I wish kids came with an instruction manual. Or that they were all the same, so that once you've had one and learned all the tricks, you were set. ::sigh::
double_mischief: (pic#)
Went last night to see Love Actually with [livejournal.com profile] valdurfee and [livejournal.com profile] zzzzzzboop. I really enjoyed it and will probably go again with [livejournal.com profile] shadowowl, who didn't get the option to go last night as it was a Girls' Night Out.

It reminded me of Magnolia, except that Love Actually was good. I've heard complaints that it was too fragmented, and that it seemed like the director was trying to keep too many balls in the air at one time, but I didn't feel that way. The flow from one "love" to another seemed to be smooth, and I was never lost nor did I feel like I'd been cheated out of seeing anything important. I have to admit that I wasn't quite sure about Colin's storyline; I kept expecting the gorgeous Wisconsin girls to turn out to be a dream he was having on the airplane, or perhaps hookers. :-)
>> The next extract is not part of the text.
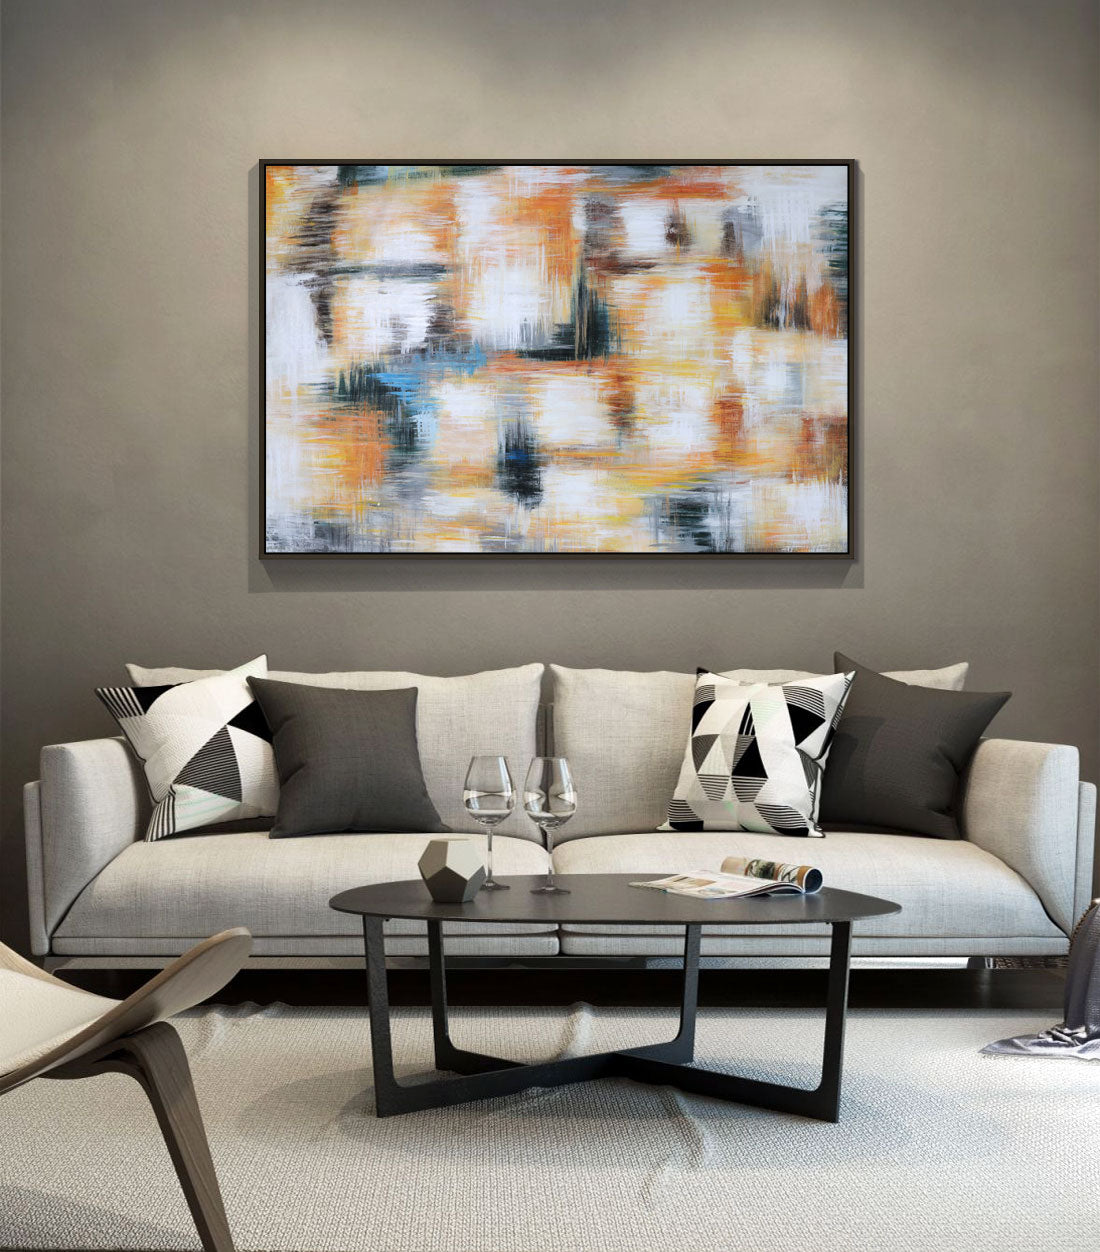 How To Decorate Your Living Room With Abstract Oil Paintings – Moda Living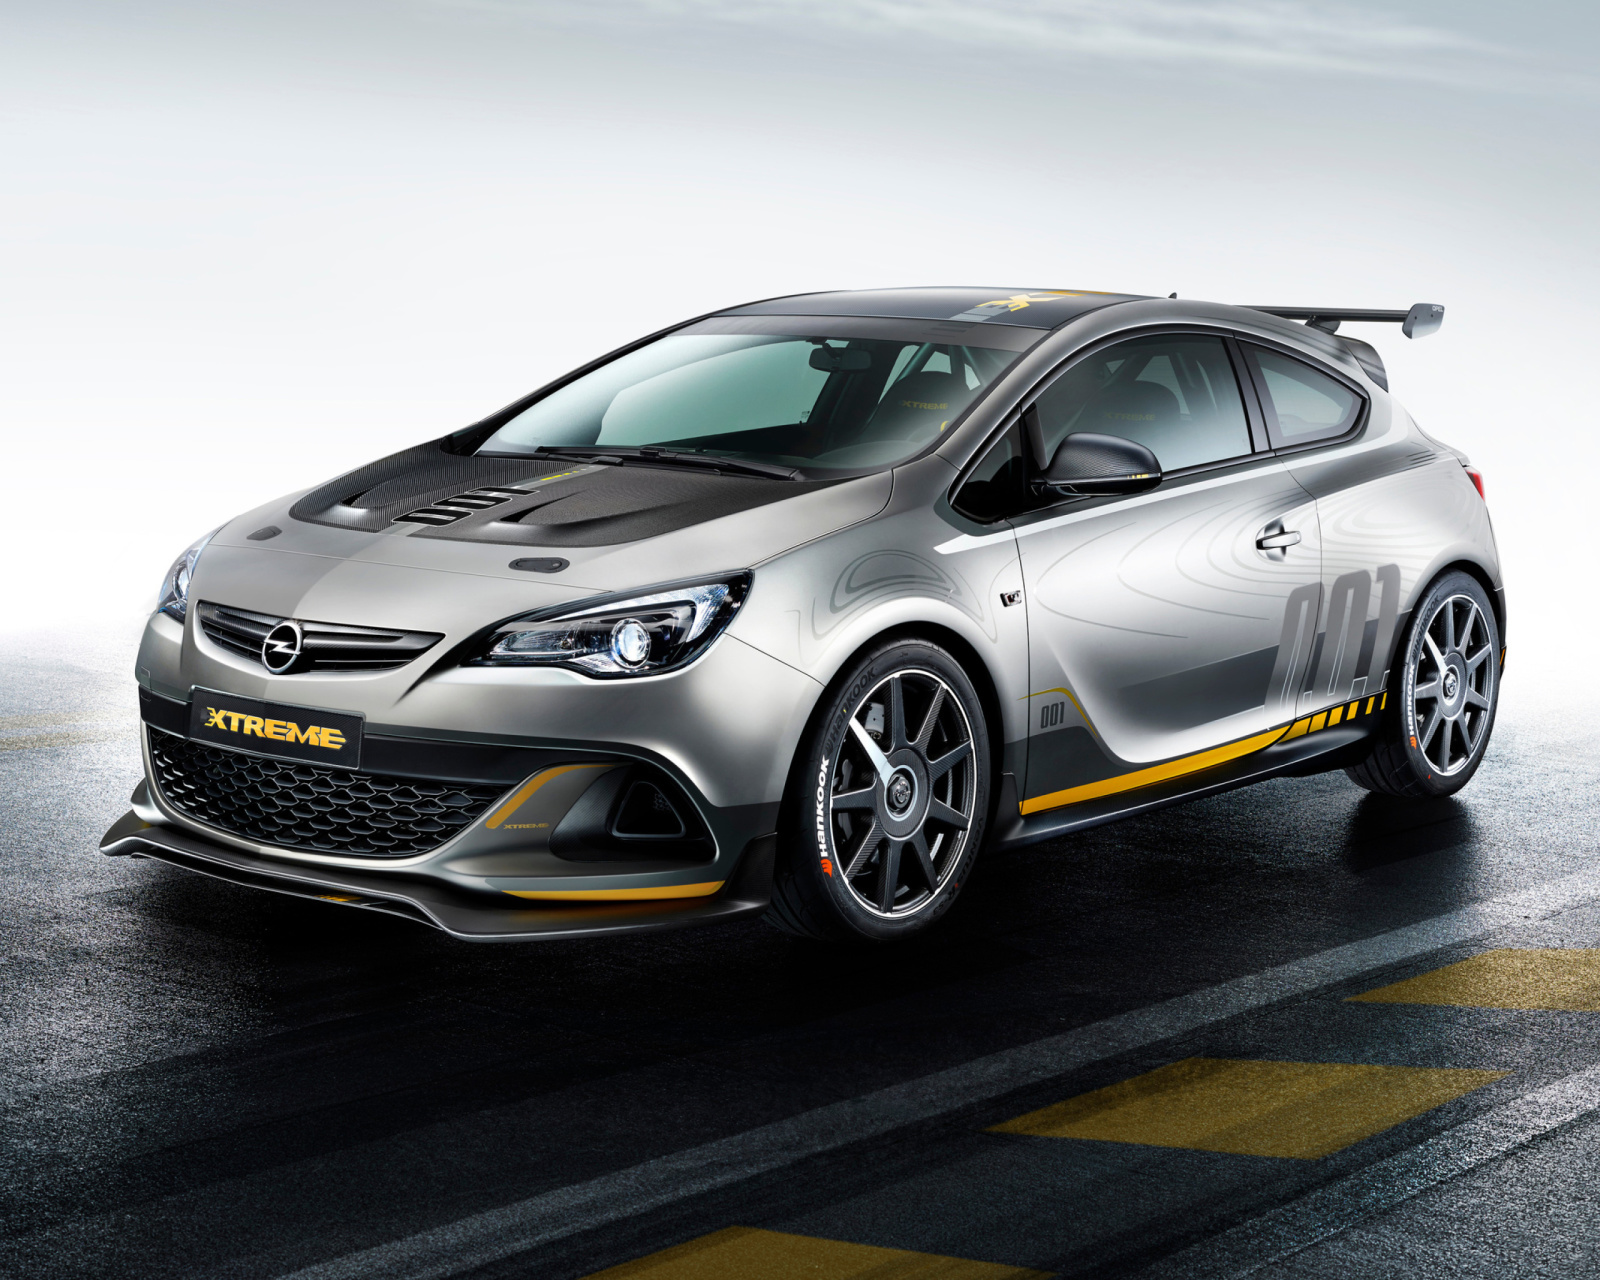 Opel Astra OPC Extreme wallpaper 1600x1280

And I was enamored of the kid - Sam - who was so serious about being in love. That's my...well, I was going to type "seven-year-old," but was suddenly brought up by the fact that he'll be eight in a little over a month. Wow. Anyway, that's my son, all overly serious and intense and so sure about how he feels. Not quite so British, though, but he's working on it. :-) I loved Sam's step-father letting him make a run for it at Heathrow; that's probably the kind of thing I'd do with my kids. But then, I'm a closet romantic!

Val and I were commenting on the choices the various characters made throughout the film; if I were choosing between Emma Thompson and whatsername-the-bimbo...no contest. Emma is smart, witty, gorgeous...the bimbo was a skank. I think that men often fail to think with the appropriate head in situations like that. ;-) (And of course, I couldn't fault the bimbo for trying for Alan Rickman; even as he gets older - and despite the fact that he's not aging as well as, say, Sean Connery - he's still sex on a stick. Yum.)

Keira Knightly's size is beginning to worry me, though. She's even thinner than my daughter, [livejournal.com profile] onnakitty, and I didn't think that was possible in someone who doesn't have an eating disorder. She did say that she'd lost a lot of weight while filming Pirates of the Caribbean, though, because the shooting schedule was so busy and she had so many active scenes - she apparently really got a good workout every day.

So overall, Love Actually gets a thumbs up. The next thing I go see will probably be Master and Commander.